My thesis research evaluated the nature of mobility on Santa Cruz Island, California during the early Holocene (7,500-10,000 BP). Considering arguments that the unique ecological conditions that exist in maritime environments encouraged reduced residential mobility and hastened the development of socially and politically complex hunter-gatherer societies (Binford 1990; Kelly 1995; Maschner 1999), examination of the development of settlement and foraging organization can help clarify our understanding of social and cultural evolution in maritime contexts. Indeed, researchers have focused on the effect that reduced mobility has on adaptations of food storage, trade, territoriality, and social and gender inequality. On the Northern Channel Islands of California, the effects of reduced mobility and the development of complexity have been widely studied with respect to later time periods; however, researchers are just beginning to consider mobility during earlier periods on these islands. While understanding mobility during these earlier periods will not lead directly to determining the causes of social and political complexity, it provides a baseline for understanding the development of adaptations that influence the nature and timing of this complexity and the factors affecting the cultural trajectory of human groups.

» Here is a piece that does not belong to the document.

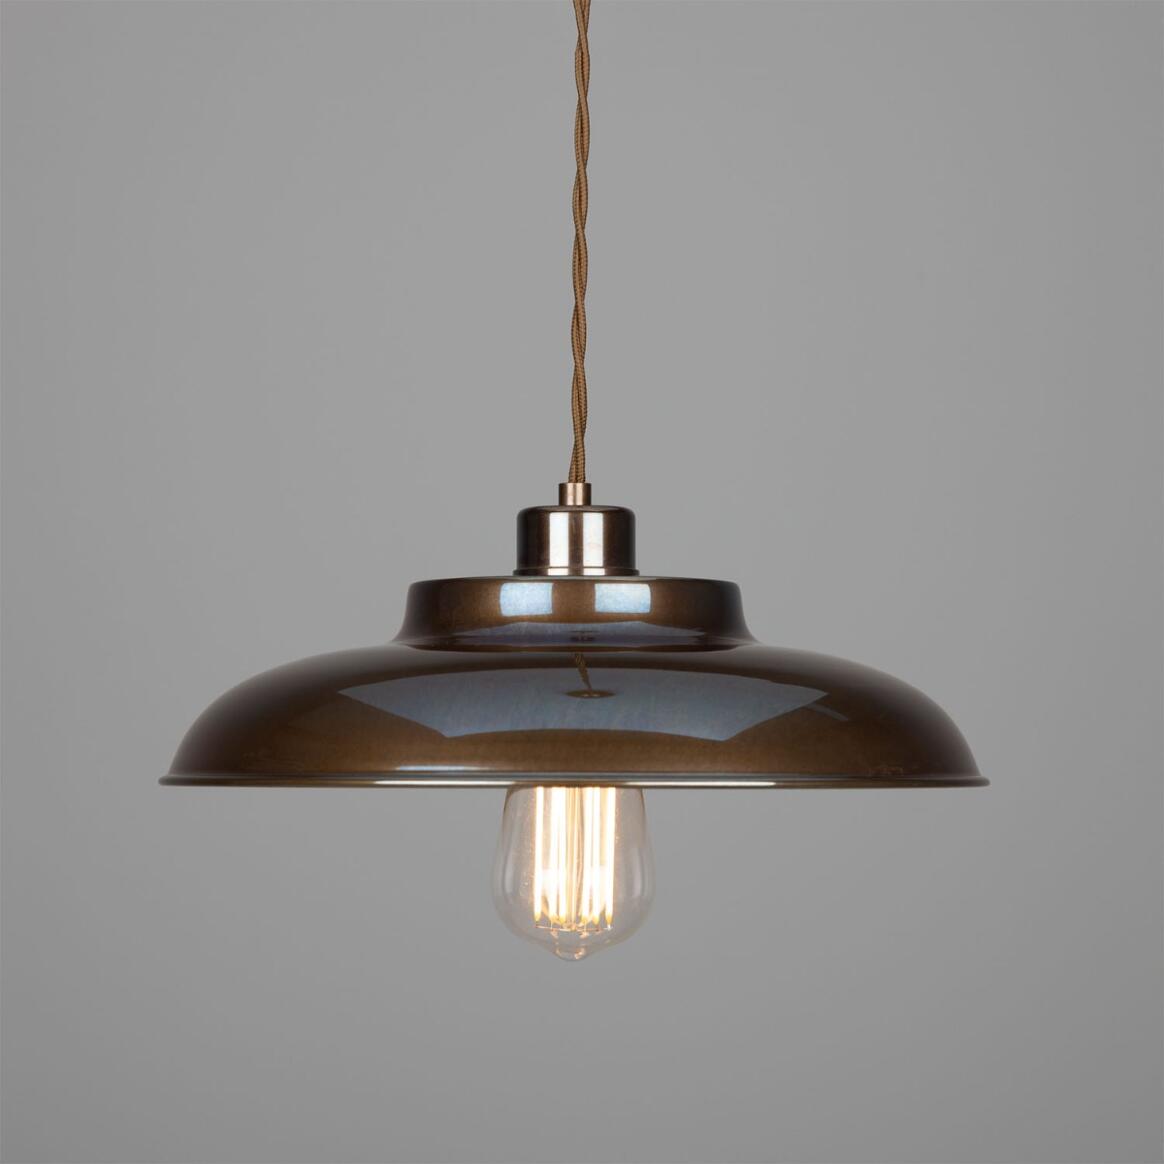 Telal Industrial Factory Pendant Light 32cm main product image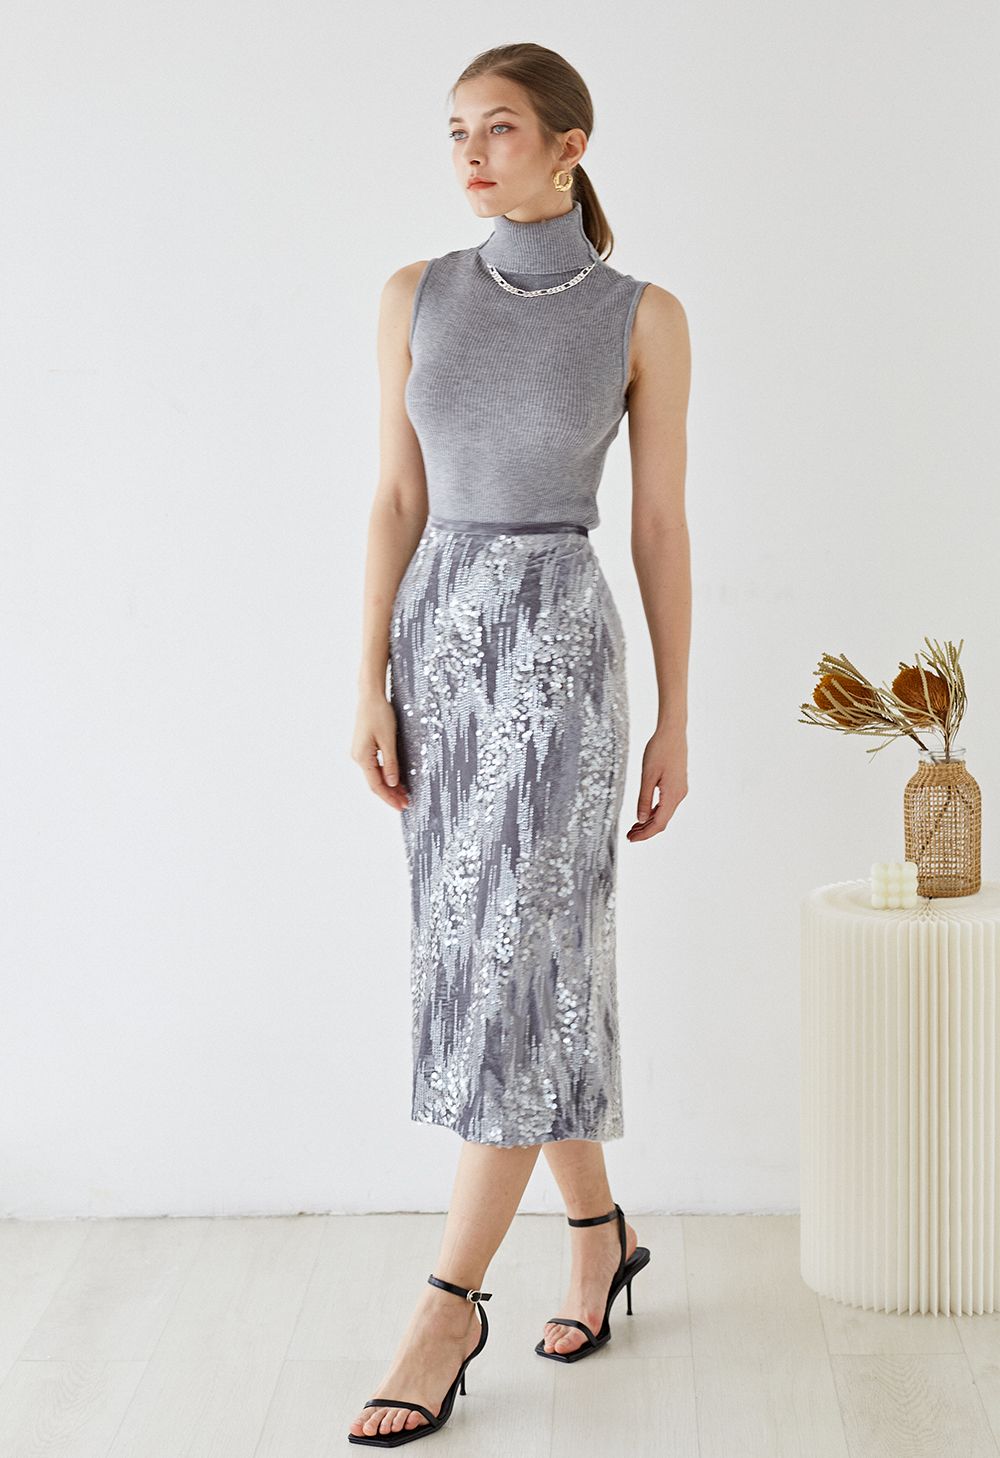 Turtleneck Soft Knit Sleeveless Top in Grey

Ecology and resource distribution and abundance are major factors in the mobility, subsistence, and settlement decisions that affect human group development and organization. Recognizing this organization within an archaeological context requires knowledge of the available resources, how these resources are distributed temporally and spatially, and how human groups would be expected to arrange themselves across the landscape to maximize foraging goals. Therefore, the specific goals for this project were to identify resource exploitation, land use, seasonality, and intensity of occupation and the relationship these factors have with paleoenvironmental variables at each known early Holocene site on Santa Cruz Island. Methods for accomplishing this goal included excavation of deposits and analysis of assemblages from all five identified early Holocene deposits on Santa Cruz Island. Excavations yielded artifactual, faunal, and floral assemblages that were analyzed to determine inter-site variation as well as site function, habitat and landscape use, and paleoenvironmental variables.
Results from this study show no significant variation in site function, implying that a more complex, reduced mobility settlement system was not present during the early Holocene on Santa Cruz Island. Locally available resources were a focus during occupation at all sites, and settlement decisions are based on the distribution of important resources across the landscape. Location-specific resources such as fresh water sources and high-quality tool stone were significant factors in settlement decisions at some sites, underscoring the importance of these resources for early island inhabitants. During the early Holocene on Santa Cruz Island, human group decisions appear to have been influenced primarily by environmental factors. Evidence indicative of complex hunter-gatherer societies, such as storage, village organization, and reduced mobility are absent. The absence of these key factors suggest that complex sociopolitical adaptations such as social and gender inequalities, and territoriality had not yet begun to develop and were not factors in human group decisions during the early Holocene on Santa Cruz Island.